Alarmée par l’augmentation des cas de complications du diabète de type 1 (DT1) chez les moins de 15 ans, et soucieuse de la part importante des diagnostics établis tardivement, l'association l'Aide aux jeunes diabétiques (AJD) a lancé une campagne de sensibilisation nationale au dépistage de cette maladie chronique chez les jeunes. L’opération, destinée à améliorer les connaissances des professionnels de santé mais aussi des parents, se déroulera, en partenariat avec la Fédération des syndicats pharmaceutiques de France (FSPF) jusqu’en juin 2025.
Complications graves
Les personnes atteintes de diabète de type 1 sécrètent peu ou pas d’insuline et la glycémie, c’est-à-dire le taux de sucre dans le sang, est constamment trop élevée. Cette maladie métabolique chronique se déclenche le plus souvent pendant l'enfance, ou au début de l'âge adulte. Elle représente 10 % des cas de diabète. En France, l’incidence du DT1 chez les enfants et les adolescents de moins de 15 ans a presque doublé en 15 ans.
Le traitement repose sur l'injection régulière d'insuline. En l’absence de traitement, l’élévation permanente de la glycémie provoque des dégâts, notamment sur les petits vaisseaux sanguins de la peau, des yeux, des reins, et sur les nerfs. Elle peut entraîner une acidocétose diabétique, une complication grave de la maladie pouvant aller jusqu’au coma hyperglycémique, voire au décès. L’acidocétose correspond à une acidité excessive du sang causée par l’accumulation de substances toxiques pour l'organisme, les corps cétoniques. Elle survient le plus souvent en cas de diabète non diagnostiqué ou mal compensé par le traitement. C'est une urgence médicale qui nécessite une hospitalisation car elle peut entraîner le décès de la personne concernée.
En 2023, plus de 4 enfants sur 10 âgés de moins de 15 ans sont arrivés aux urgences en situation d’acidocétose modérée ou sévère en raison d’un diagnostic trop tardif, déplore l’AJD. Et le nombre de cas d’acidocétose sévère chez les enfants ne cesse d’augmenter depuis 2015.

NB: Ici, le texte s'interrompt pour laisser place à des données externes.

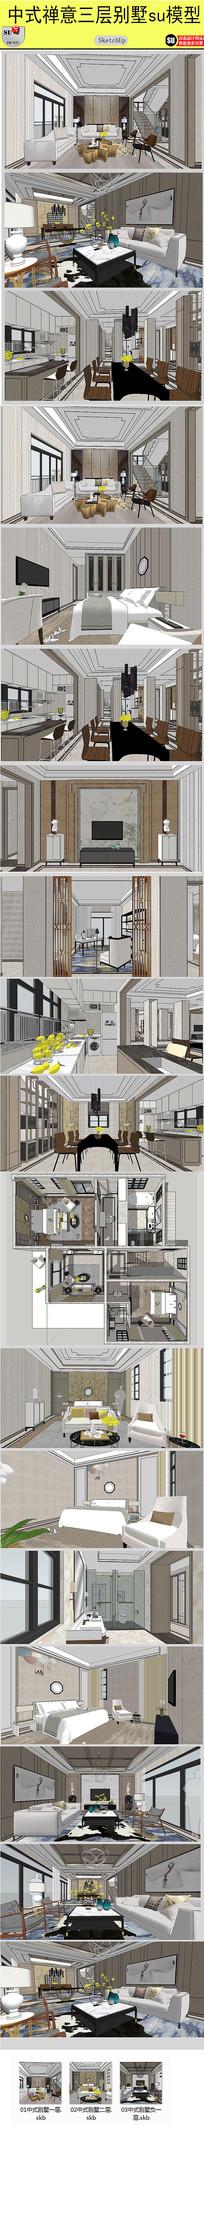 中式禅意别墅室内设计

Trois symptômes à garder à l’esprit
L’AJD rappelle que trois signes évocateurs de la maladie doivent alerter, à savoir :
- une envie fréquente d’uriner ;
- l’énurésie ou sa réapparition, non anodine (pipi au lit) ;
- une soif intense (l'enfant peut même se réveiller pour boire la nuit).
Ces trois signes pris ensemble sont suceptibles de réléver une hyperglycémie, qui doit être prise en charge rapidement.

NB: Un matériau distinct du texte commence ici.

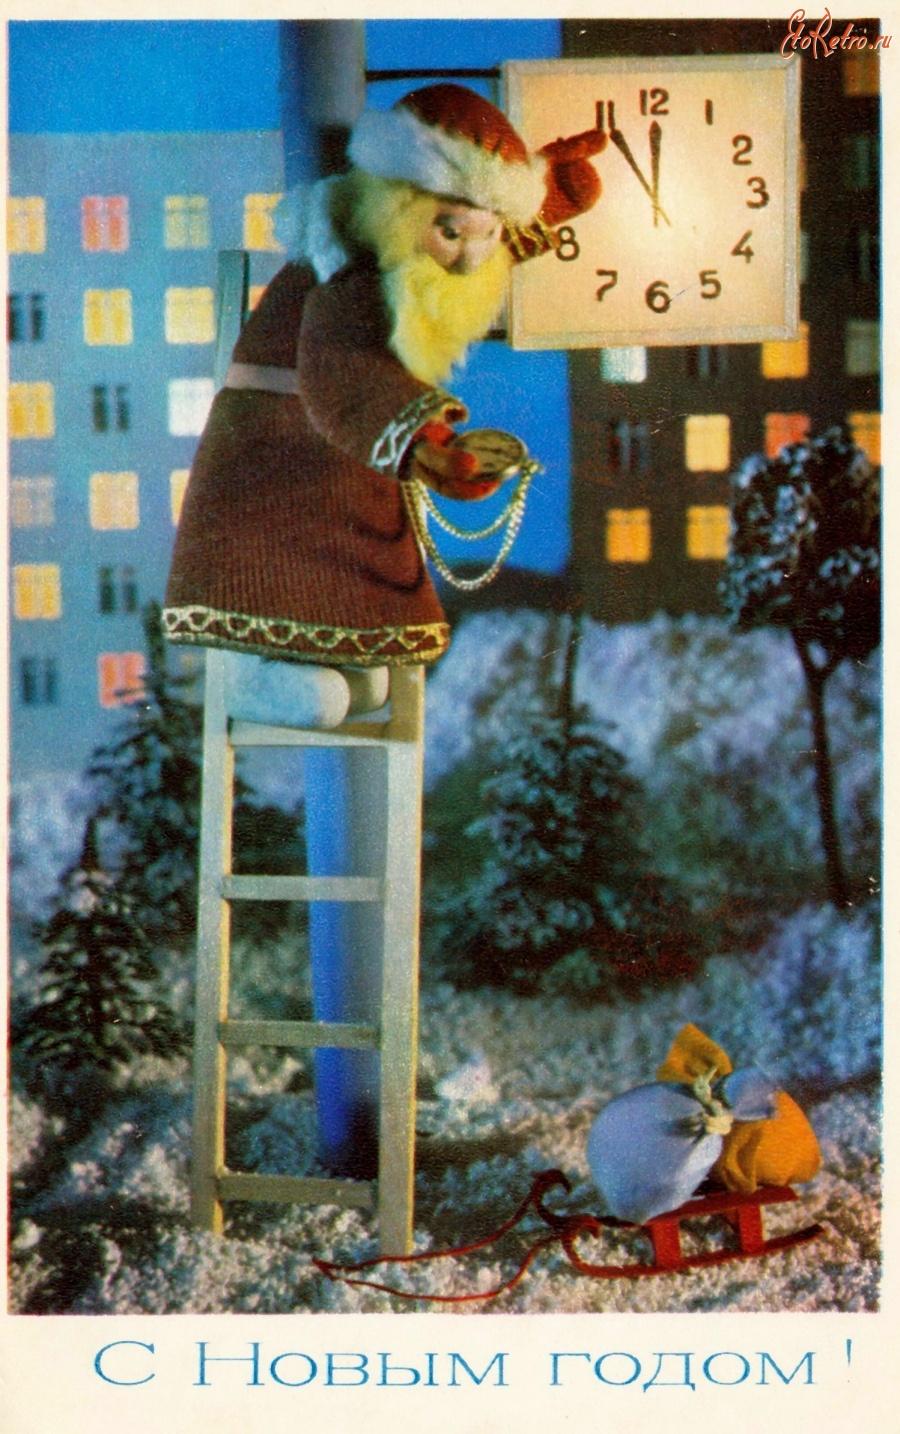 уверены, новогодние открытки художника поклад день рожденья пожелать

Il est possible de s’adresser en premier recours aux pharmaciens, pédiatres ou médecins généralistes, qui mesureront le plus vite possible soit la glycémie avec une goutte de sang au bout du doigt sur une bandelette, soit la glycosurie (le taux de sucre dans les urines) par une bandelette urinaire. Dans le cas où aucun recours à l’un de ces professionnels de santé n’est possible, il faut s’adresser sans hésiter aux urgences pédiatriques hospitalières les plus proches. Non identifiés et pris en charge, ces symptômes peuvent s'accompagner d'une fatigue inhabituelle et persistante, une perte de poids inexpliquée, des douleurs abdominales et des vomissements. Et le risque d'acido-cétose plane à plus ou moins court terme.
« Diagnostiquer plus tôt, c’est limiter les acidocétoses et éviter d’engager le pronostic vital des enfants » , martèle l’AJD. C’est aussi permettre de retarder la progression de la maladie, et ses complications (maladies cardiovasculaire, neuropathies, rétinopathies) à long terme, qui peuvent survenir 10 à 20 ans après le début du déséquilibre métabolique.